The following example will demonstrate the importance of interoperability at the data level.

Two ornithologists are recording data describing birds. Tables 3 and 4 contain their results.

Specimen ID Species Wingspan Bill Length
2312 C. Cristata 34 cm 2.2 cm
2313 C. Cristata 35 cm 2.5 cm
2314 C. Cristata 37 cm 2.3 cm
2315 C. Cristata 34.5 cm 2.2 cm
2316 C. Cristata 36 cm 2.1 cm
2317 C. Cristata 36 cm 2.4 cm

Table 3: Sample data describing blue jays

Specimen_Identifier Sp. Wingspan Beak_Length Units
g:12 Larus argentatus 48 1.1 in
g:13 Larus argentatus 55 1 in
g:14 Larus argentatus 54 1.15 in
g:15 Larus argentatus 49 1.2 in
g:16 Larus argentatus 59 1.12 in

Table 4: Sample data describing seagulls

Both tables obviously record the same kind of data, which matches identified individuals of a given bird species with corresponding measurements of beak and wingspan.
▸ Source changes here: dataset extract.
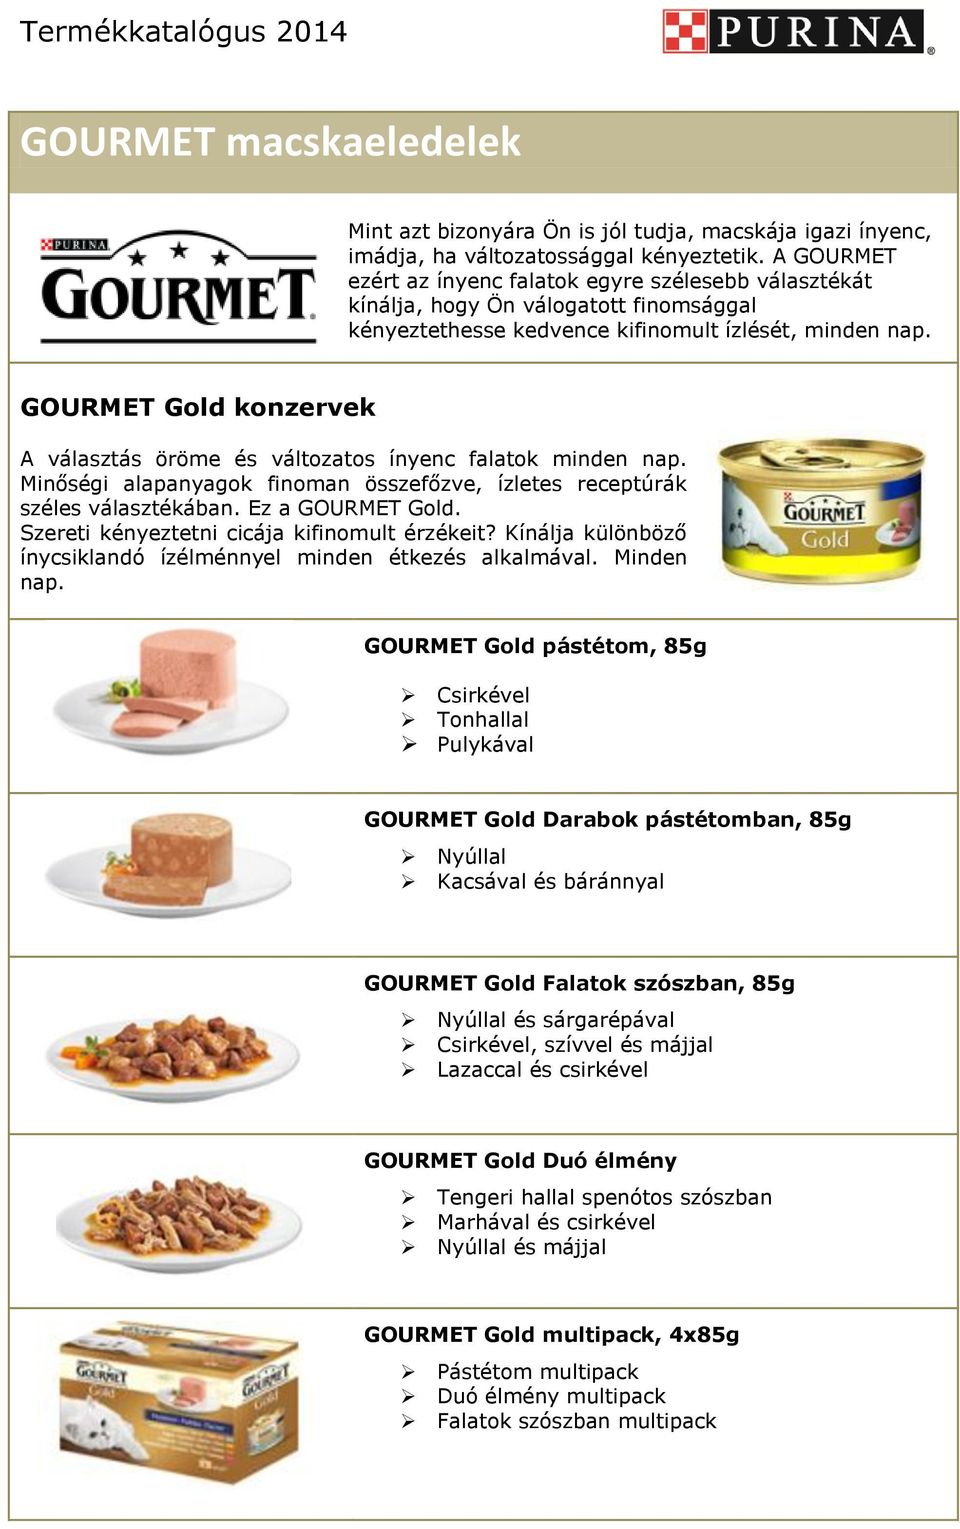 GOURMET Gold konzervek A választás öröme és változatos ínyenc falatok minden nap. Minőségi alapanyagok finoman összefőzve, ízletes receptúrák széles választékában. Ez a GOURMET Gold.

But these tables are not interoperable because they use different schemas. In Table 3, specimens are listed under the Specimen ID field; in Table 4, specimens are listed under the Specimen_Identifier field. In Table 3, Species is spelled out, but the genus is abbreviated; in Table 4, Species is abbreviated as Sp. but genus is spelled out in each entry. Likewise: in Table 3, measurement units for specimen wingspan and beak measurements are provided in the same field as the measurements themselves; in Table 4, the units for these measurements are listed in a separate field. Finally: in Table 3, beak measurements are listed under the Bill Length field; in Table 4, they are listed under the Beak Length field.

All of this might not seem like much to a human operator. People can often understand and account for such discrepancies by drawing on experience and intuition (though there are occasions in which schematic differences can baffle even human operators). By contrast: unless specifically instructed to do so, a computer cannot understand that a beak can also be called a bill, or that species can be abbreviated sp. Nor can a computer interpret units of measure unless so instructed: to a computer, there is no difference between 57 inches and 57 centimeters, unless the computer has been instructed to understand the difference.
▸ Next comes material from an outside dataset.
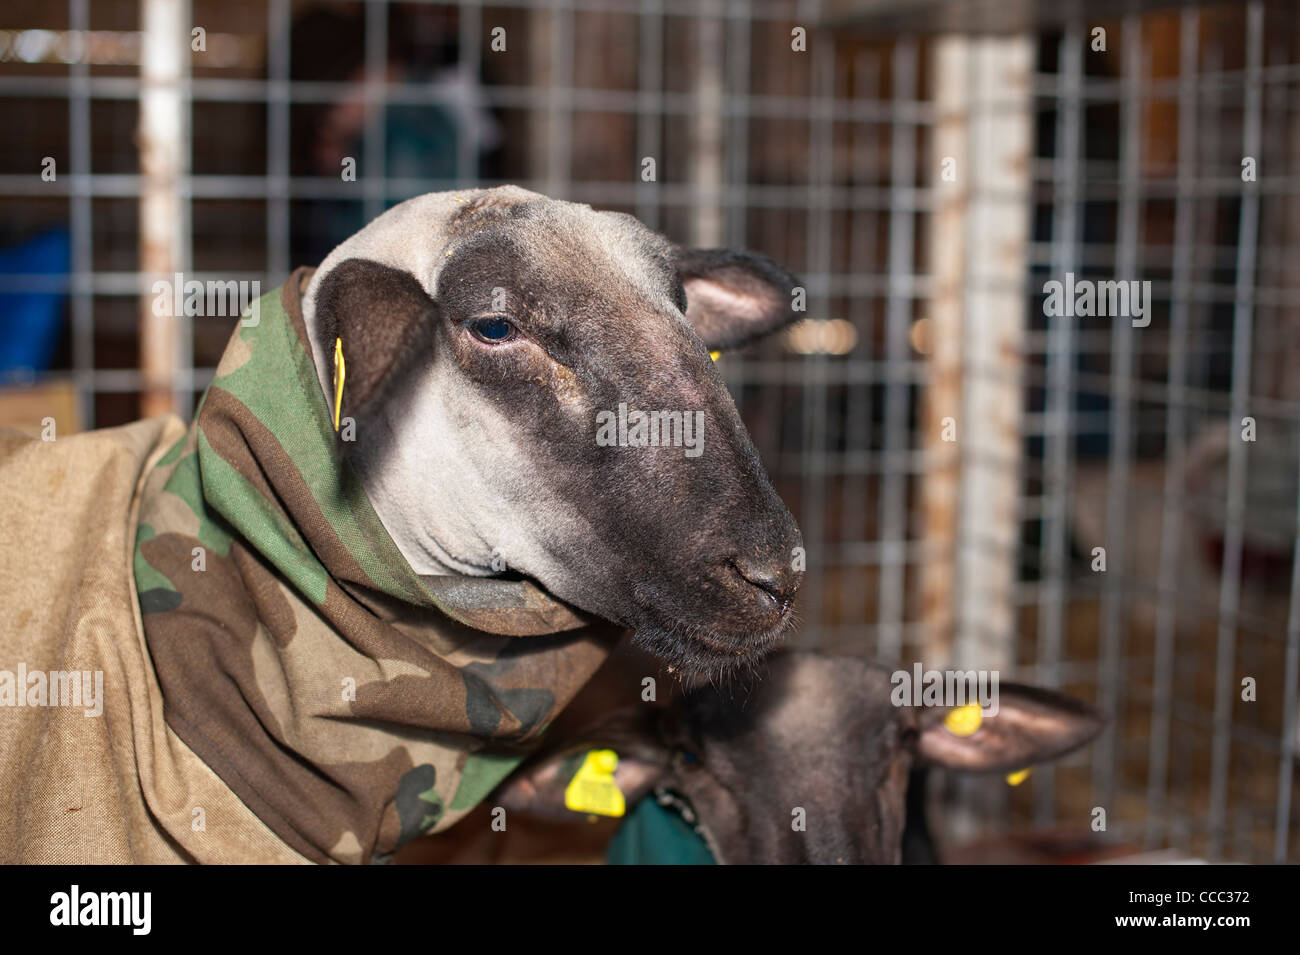 Tiere im Winter - Ziege trägt einen Mantel für den Schutz gegen niedrige Temperaturen Stockfoto

In order to make data sharing as easy as possible for both people and computers, AASG Geothermal Data uses content models to ensure that data providers submit their data the same way. This is not to say that the content models used by the Geothermal Data project are perfect. Rather, these content models represent a practical compromise between machine readability, human readability, and the demands of the data.

To continue the example above, imagine that the Ornithology Society has decided to adopt the following schema for data describing birds:

Specimen Species Wingspan (mm) Proboscis Length (mm)
Unique identifier for each bird measured Genus and species of specimen; provide full names for both genus and species Measurement of specimen from wingtip to wingtip, in millimeters (mm) Measurement of specimen beak or bill length, in millimeters (mm)

Table 5: A content model for an ornithological schema

When fitted to the above schema, the data from Table 3 and Table 4 would appear as follows:

Specimen Species Wingspan (mm) Proboscis Length (mm)
2312 Cyanocitta cristata 340 22
2313 Cyanocitta cristata 350 25
2314 Cyanocitta cristata 370 23
2315 Cyanocitta cristata 345 22
2316 Cyanocitta cristata 360 21
2317 Cyanocitta cristata 360 24
g:12 Larus argentatus 1200 27.5
g:13 Larus argentatus 1375 25
g:14 Larus argentatus 1350 28.75
g:15 Larus argentatus 1225 30
g:16 Larus argentatus 1475 28

Table 6: The data from Tables 3 and 4 fitted to the schema in Table 5

Since their data now uses the same schema, the data from Tables 3 and 4 is now interoperable and can be directly compared in a machine-friendly way, without operator interpretation.

Note that the measurements for both C. Cristata and L. Argentatus are in millimeters. This streamlines the process of searching the database, because neither the search engine nor the user need convert results when searching for bird speciments by measurement. The only downside is a certain degree of overhead on the part of data providers: in order to map their data to the schema, users must convert their measurements to millimeters.

Note also that the specimen identifiers use different formats. Though it might countermand best practice, this does not prevent interoperability either, as long as each identifier is unique.